Deloitte describes four-step model for customer-led marketing
Consulting group tells attendees at Oracle's marketing cloud event in Sydney that marketing automation technology is a key enabler, but says it won't do the job without the right process and change management investments
Nine out of 10 organisations do not currently have the change management strategy or business processes in place to make their marketing automation and customer experience management ambitions a reality, Deloitte claims.
Speaking at the Oracle Marketing Cloud launch event in Sydney yesterday, the consulting group’s manager for customer technology, Calvin Yeoh (pictured), told attendees that technology is a fundamental enabler for optimising customer experiences and engagement in today’s digitally disrupted world.
But he claimed organisations will fail unless the right amount of investment into people, process and strategy is achieved.
Yeoh said nine out of 10 customers Deloitte works with lack a sufficient change strategy and purpose. Strategy includes setting KPIs, customer segmentation, program roadmaps, customer monitoring, lead scoring and using personas, he said, while change management includes training, audits and reviews, governance, successions planning, an operating model and strong process.
According to Yeoh’s formula for customer marketing success, only 20 per cent of the focus should be on technology, while the remaining 80 per cent should be spent on strategy and change management processes and people.
“We see marketing automation and the marketing technology stack as adding value, and as that central nervous system that allows companies to orchestrate these [customer] experiences at an operational strategic level,” he told attendees.
“But how about the people? How do we take them on that journey? Change is impossible without changing the people in our organisation too.”
Yeoh said he’s seen multiple organisations go through three or more marketing automation technology platform projects but fail to put the right transformation structure in place to make them successful.
“Without changing the strategy, you will just get the same result,” he said.
Deloitte breaks the key risks for marketers into two camps: Internal and external. Internal challenges range from a fragmented strategy to underperforming ROI and sales, low adoption and low morale. External challenges, meanwhile, include poor customer experiences and a weakened brand reputation.
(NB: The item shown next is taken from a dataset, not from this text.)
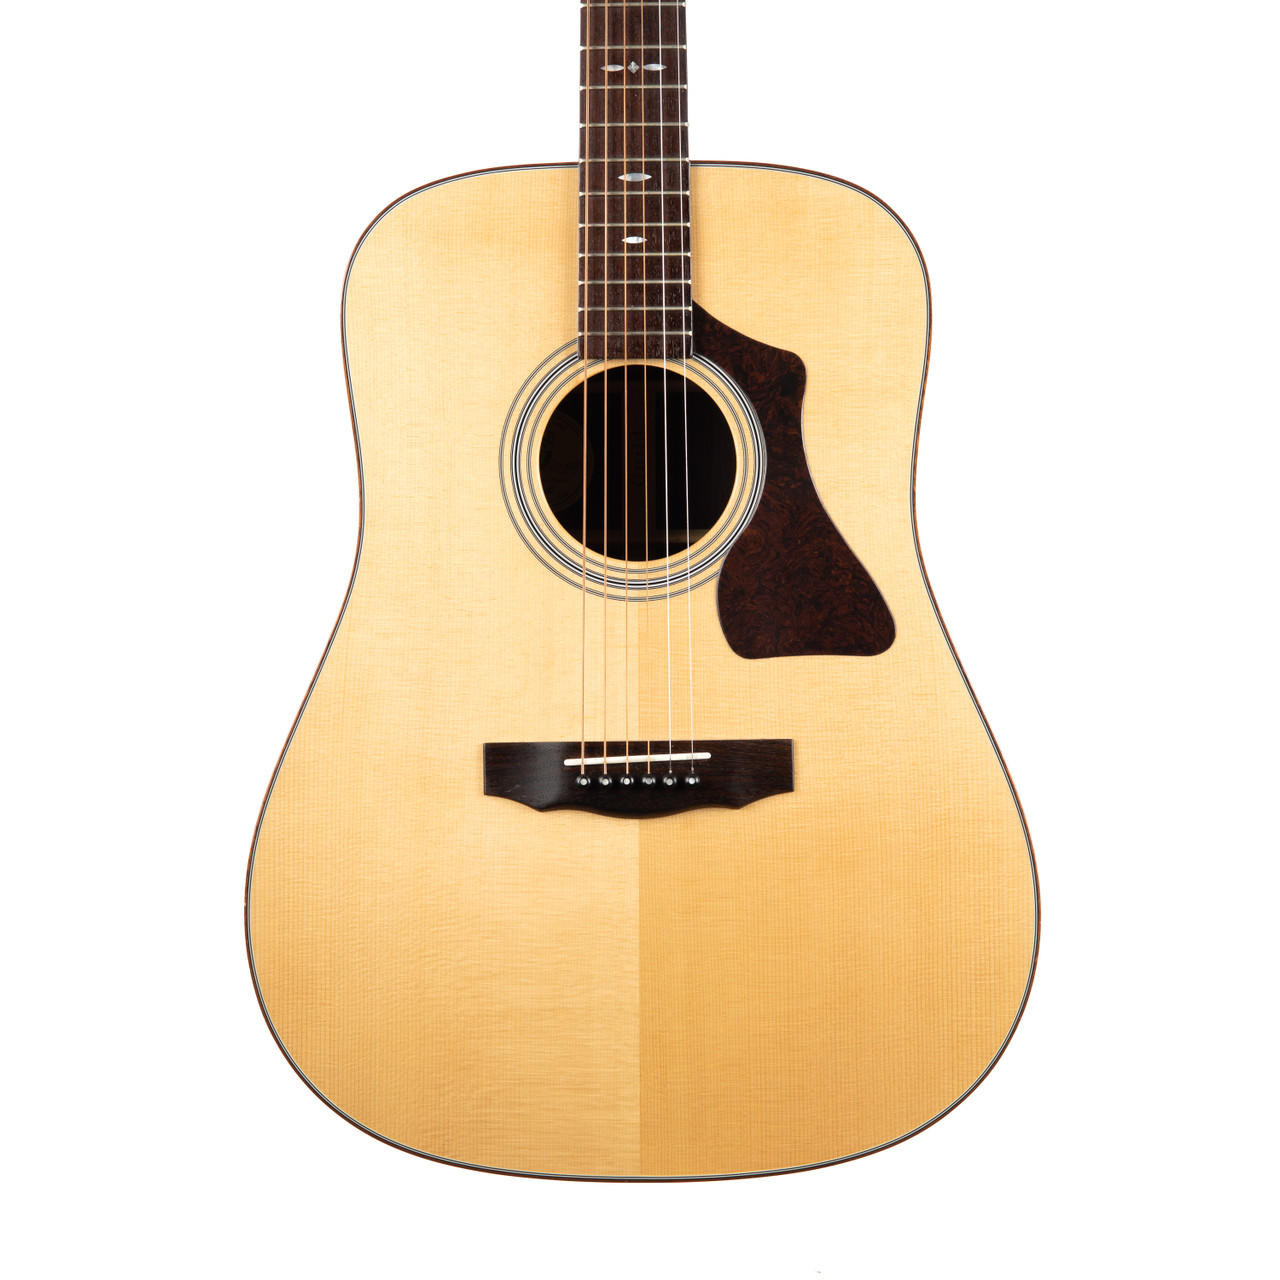 ギルドアコースティックギター GAD-50 - 楽器、器材

“It’s critical to be as targeted as possible and have people to help you down that [customer] journey,” Yeoh said. Alignment between sales and marketing around a common lead scoring matrix and KPIs is another must in cementing this new customer engagement approach, he said.
"If marketing is to strive for a more strategic role, we must shift from a lead-generation mentality to a lead-through-revenue-management mentality," Yeoh added.
Deloitte has also crafted a four-step horizon model to describe how organisations move towards customer-led and data-driven marketing.
The first horizon is transitioning from a ‘classic sales and marketing’ mentality to lead capturing and nurturing, and introducing key functionalities like segmentation. Yeoh said this also involves setting KPIs and engaging in A/B testing.
Horizon two is about integration of the customer journey, content strategy and program integration, while horizon three is about revenue performance. The fourth and optimal horizon organisations need to reach is agile marketing.
“Marketing is an evolving and growing space from a technology, people and process perspective,” Deloitte’s head of digital marketing, Chris Collacott, concluded. “This is about taking teams from soloist activities and occasional team-based activities, to true multichannel customer experience and start to think about scaling up that kind of orchestration.
“It’s important to realise you’re orchestrating symphonic experience for a person. It comes back to the mind of the customer.”